Mutation rate and spectrum in obligately outcrossing Caenorhabditis elegans mutation accumulation lines subjected to RNAi-induced knockdown of the mismatch repair gene msh-2

DNA mismatch repair (MMR), an evolutionarily conserved repair pathway shared by prokaryotic and eukaryotic species alike, influences molecular evolution by detecting and correcting mismatches, thereby protecting genetic fidelity, reducing the mutational load, and preventing lethality. Herein we conduct the first genome-wide evaluation of the alterations to the mutation rate and spectrum under impaired activity of the MutSa homolog, msh-2, in Caenorhabditis elegans male-female fog-2(lf) lines. We performed mutation accumulation (MA) under RNAi-induced knockdown of msh-2 for up to 50 generations, followed by next-generation sequencing of 19 MA lines and the ancestral control. msh-2 impairment in the male-female background substantially increased the frequency of nuclear base substitutions (similar to 23x) and small indels (similar to 328x) relative to wildtype hermaphrodites. However, we observed no increase in the mutation rates of mtDNA, and copy-number changes of single-copy genes. There was a marked increase in copy-number variation of rDNA genes under MMR impairment. In C. elegans, msh-2 repairs transitions more efficiently than transversions and increases the AT mutational bias relative to wildtype. The local sequence context, including sequence complexity, G+C-content, and flanking bases influenced the mutation rate.
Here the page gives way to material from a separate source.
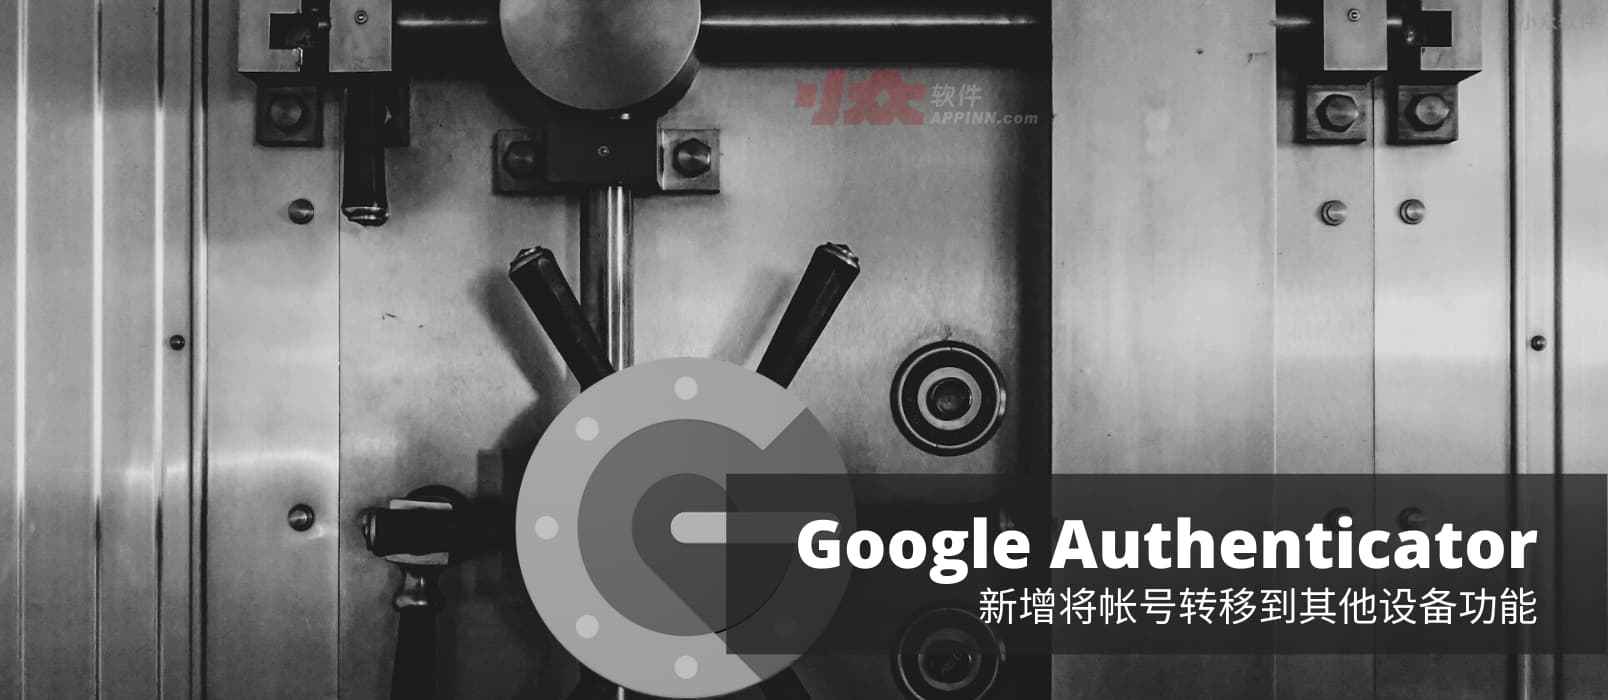 二次验证应用 Google Authenticator 支持转移帐号（验证码）功能，换机不再是噩梦[Android] 1

The X chromosome exhibited lower substitution and higher indel rates than autosomes, which can either result from sex-specific mutation rates or a nonrandom distribution of mutable sites between chromosomes. Provided the observed difference in mutational pattern is mostly due to MMR impairment, our results indicate that the specificity of MMR varies between taxa, and is more efficient in detecting and repairing small indels in eukaryotes relative to prokaryotes.

Automated summary

DNA mismatch repair (MMR) is a conserved repair pathway that influences molecular evolution by detecting and correcting mismatches, reducing mutational load, and preventing lethality. Impaired MMR activity in Caenorhabditis elegans increased the frequency of nuclear base substitutions and small indels, while also influencing copy-number variation of rDNA genes. In C. elegans, msh-2 repairs transitions more efficiently than transversions and increases the AT mutational bias compared to wildtype. The X chromosome exhibited unique mutation patterns, potentially due to sex-specific mutation rates or nonrandom distribution of mutable sites between chromosomes. Overall, MMR efficiency varies between taxa and is more effective in detecting and repairing small indels in eukaryotes compared to prokaryotes.